Przywieziono nas na Pola Elizejskie coś ok 23. Było mnówstwo ludzi, którzy chodzili tam i spowrotem, my również postanowiliśmy iść w stronę Łuku bo liczyłam, że tam może jest jakaś scena i cuś się dzieje, jednak nic z tym rzeczy. Tak sobie spacerując, z jeszcze jedną parą, którą poznaliśmy na wycieczce w pewnym momencie zaczęliśmy się zastanawiać o co kaman bo nagle ludzie zaczęli się przytulać, całować i składać życzenia....hmmm, patrzymy na zegarki, no faktycznie północ. Czekamy na sztuczne ognie,ale nic się nie dzieje....może zegarki im źle chodzą, no ale minęło 15 minut, 30 i dalej nic....Wypiliśmy co mieliśmy i w niezbyt dobrych humorach poszliśmy do autokaru. Tam się okazało, że nie tylko my jesteśmy zawiedzeni, ale ponieważ wszyscy byli wcięci całą drogę do hotelu sobie żartowaliśmy z naszego "wystrzałowego" sylwka . Na drugi dzień, gdy już każdy wytrzeźwiał nikomu nie było do śmiechu gdy sobie przypomniał jak dał się nabrać
Tak więc jeśli ktoś planuje sywlka w Paryżu niech zapomni o sztucznych ogniach, występach i zabawie!!!! Nic się tam nie dzieje
Asiu ja bardzo żałuję, że nie trafiłam na taką relację jak się zastanawiałam nad sylwkiem.
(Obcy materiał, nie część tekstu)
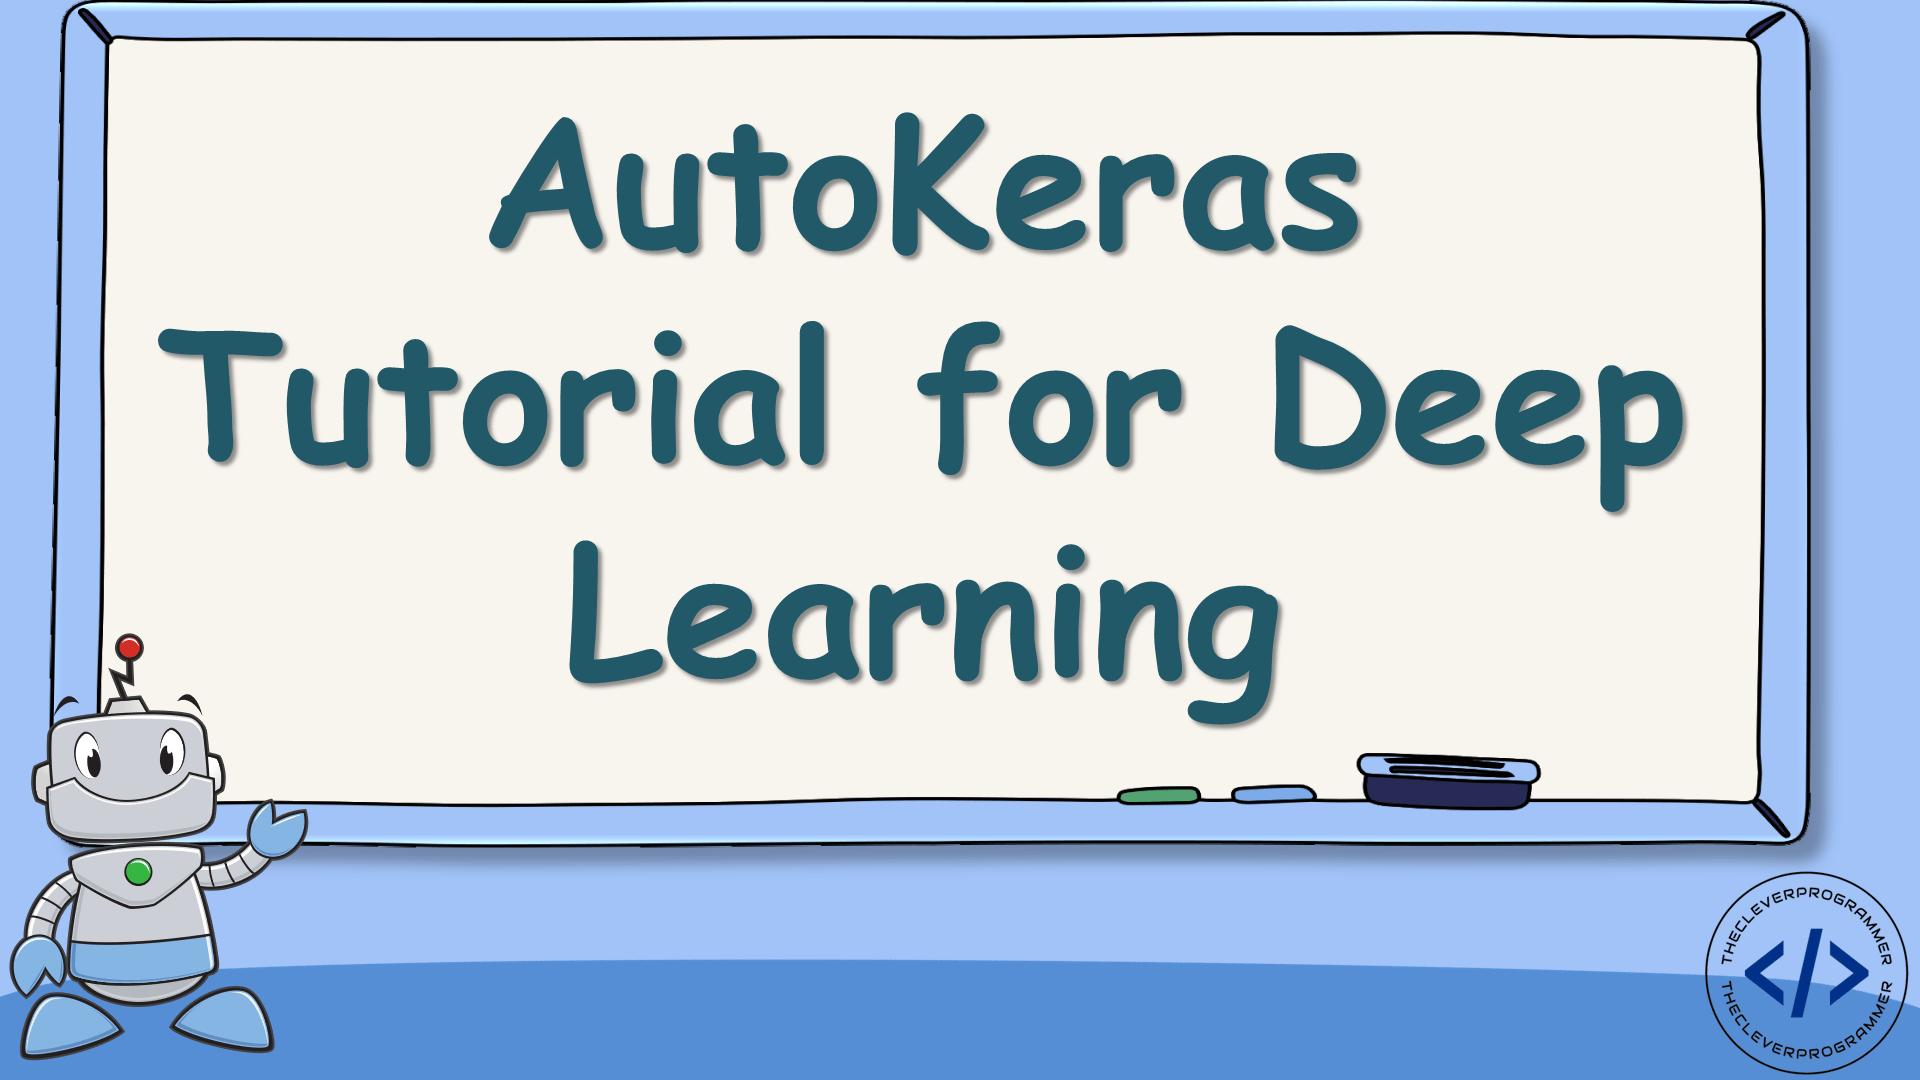 Autokeras Tutorial with Python
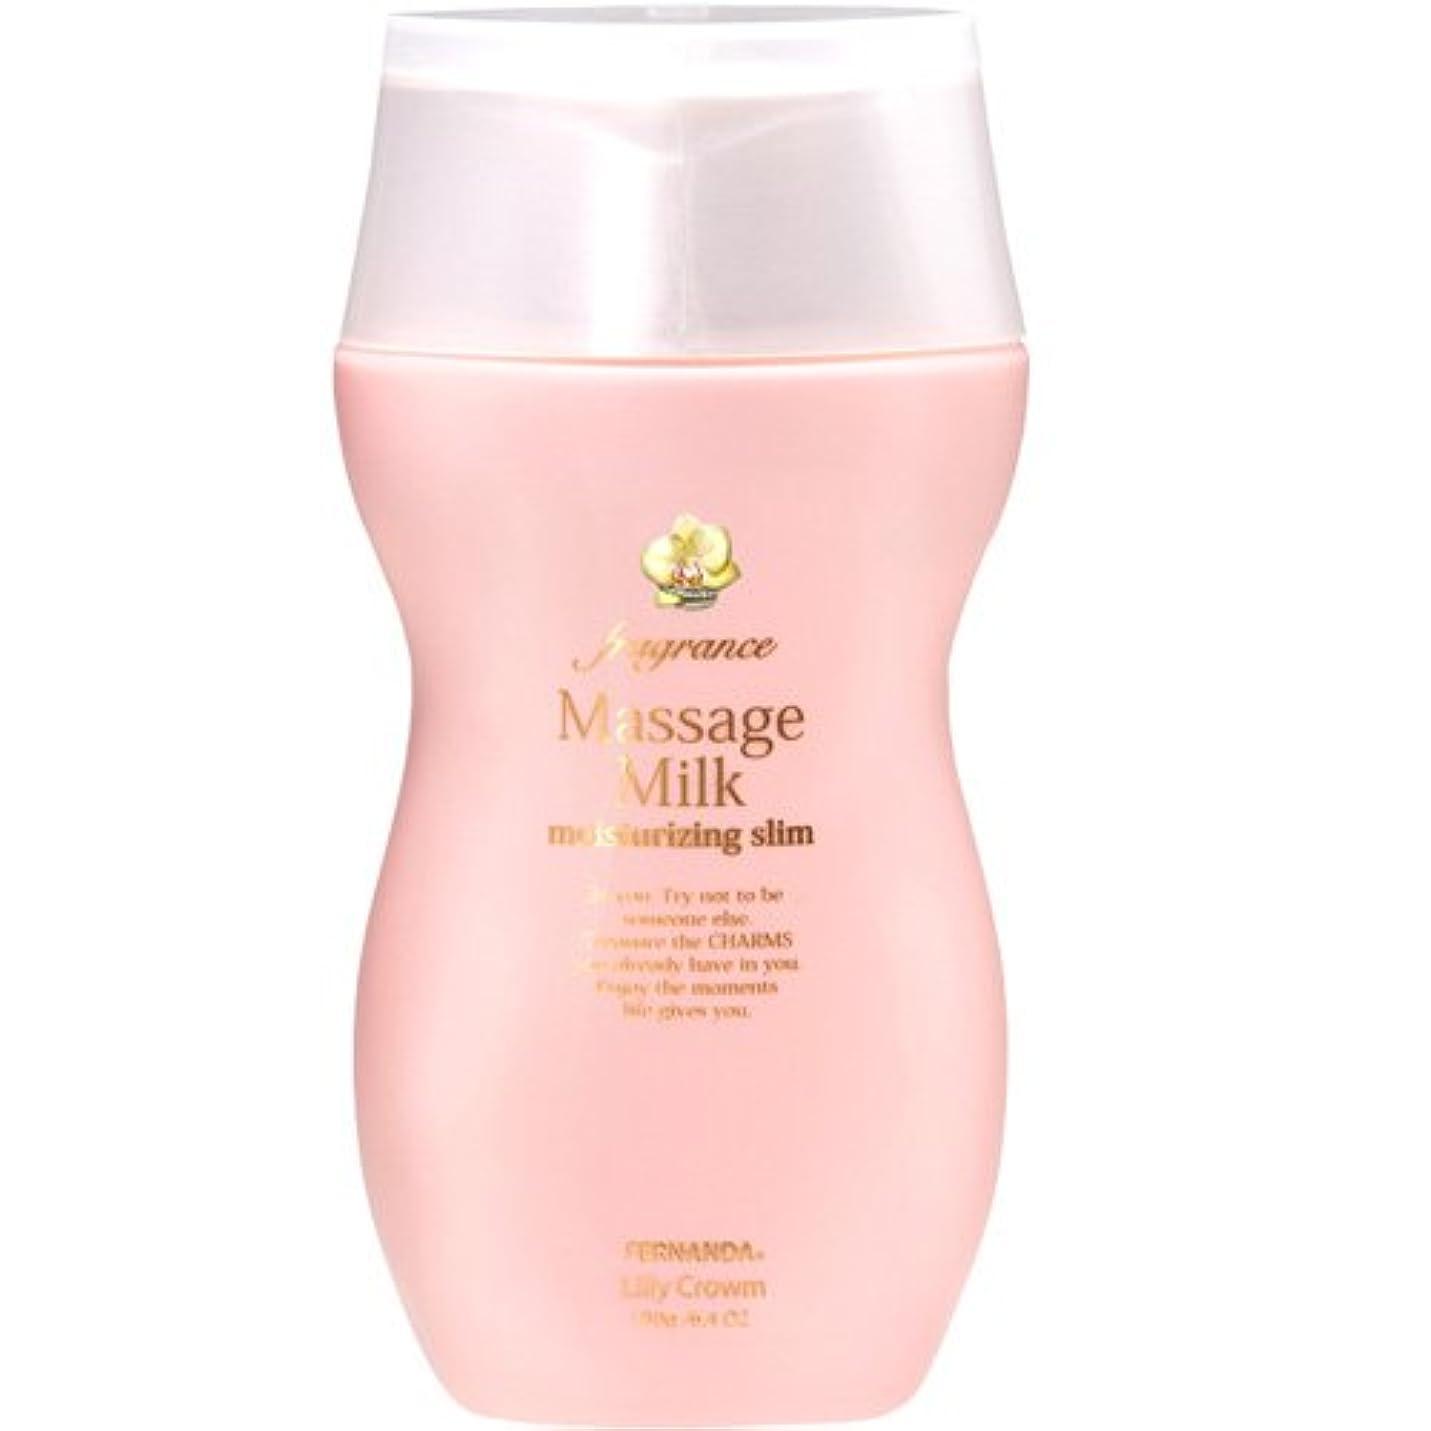 コントローラ謙虚結婚FERNANDA(フェルナンダ) Massage Milk Lilly Crown (マッサージミルク リリークラウン)

Paryż jak najbardziej polecam, ale lepsze miesiące do zwiedzania niż grudzień, ale sylwek tam to strata pieniędzy...
na jakąs wielką lufę...?? czy szeroką.. a może oko.. rybie...
Lordziu....wymieniła na lepszy model
no własnie nie.. tylko stary model podobno face lifting przeszedł.. znaczy nie face a lufa lifting...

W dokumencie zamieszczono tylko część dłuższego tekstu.